The Bay Area startup is aiming to treat a fantasy football league more like a social platform than a loose jumble of league mechanics, distinguishing itself as a simple and free, ad-free option.
Sleeper has done limited press as it has been ramping up its app over the past two seasons, but the team has been courting the interest of investors to scale the product, raising more than $7 million from VCs to date. The company closed a $5.3 million Series A late last year led by General Catalyst. In early 2017, the startup also closed a $2 million seed led by Birchmere Ventures with participation from Uber co-founder Garrett Camp’s startup studio, Expa.
There isn’t much in terms of monetization options at the moment. CEO Nan Wang tells TechCrunch that the focus right now is “amassing a large base of users and making it the stickiest and highest engagement product in the category.”
Wang says the app’s users spend 50 minutes per day on average during the season, numbers he calls “Instagram-like.” The main contributor to that number seems to be that chat is always a swipe away and that all of the actions that are happening during the season show up inside chats to encourage engagement.
This unifies the experience for users, many of whom have had to piecemeal their experience by using a WhatsApp or GroupMe group in addition to the other fantasy league apps that they’ve been using. Sleeper’s more differentiated UI seems to be largely popular among early vocal users as well as the up-to-the-minute notifications that deliver league updates.

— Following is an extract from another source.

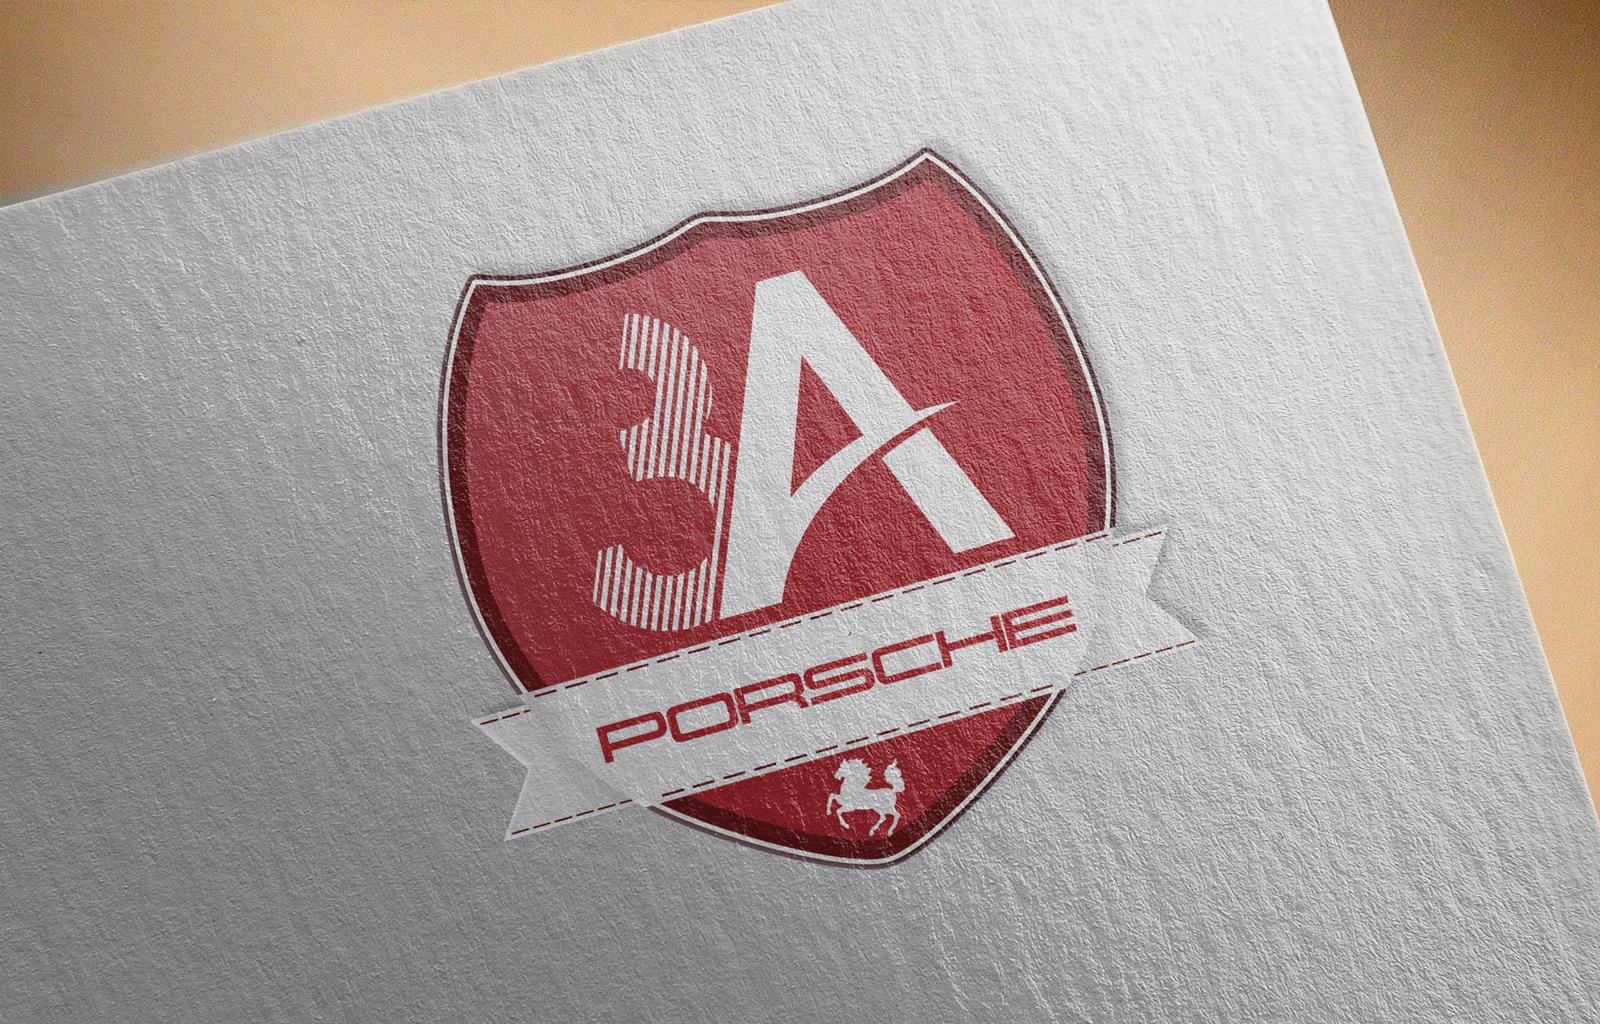 3A Posche logo tasarim sunum

Poaching users from other platforms is definitely a priority, but Wang says the team has really been looking at how to nab users who have stayed away from the convoluted confusion of fantasy leagues as well. Taking on the leading apps from ESPN, Yahoo and NFL can be daunting; another stress for the younger startup is just how tight the user acquisition window is, though things compound quickly if you can create one loyal user that brings their entire league to the platform.
“The user acquisition window for fantasy football leagues is strongest from the second week of August until the first week of September. Historically, we’ve seen that about 70% of users create their leagues in that three-week window,” Wang tells me.
The funding has been used to build out its team, which is still just 10 full-time employees, as well as expand their ambitions beyond fantasy football alone into other sports, including basketball and soccer.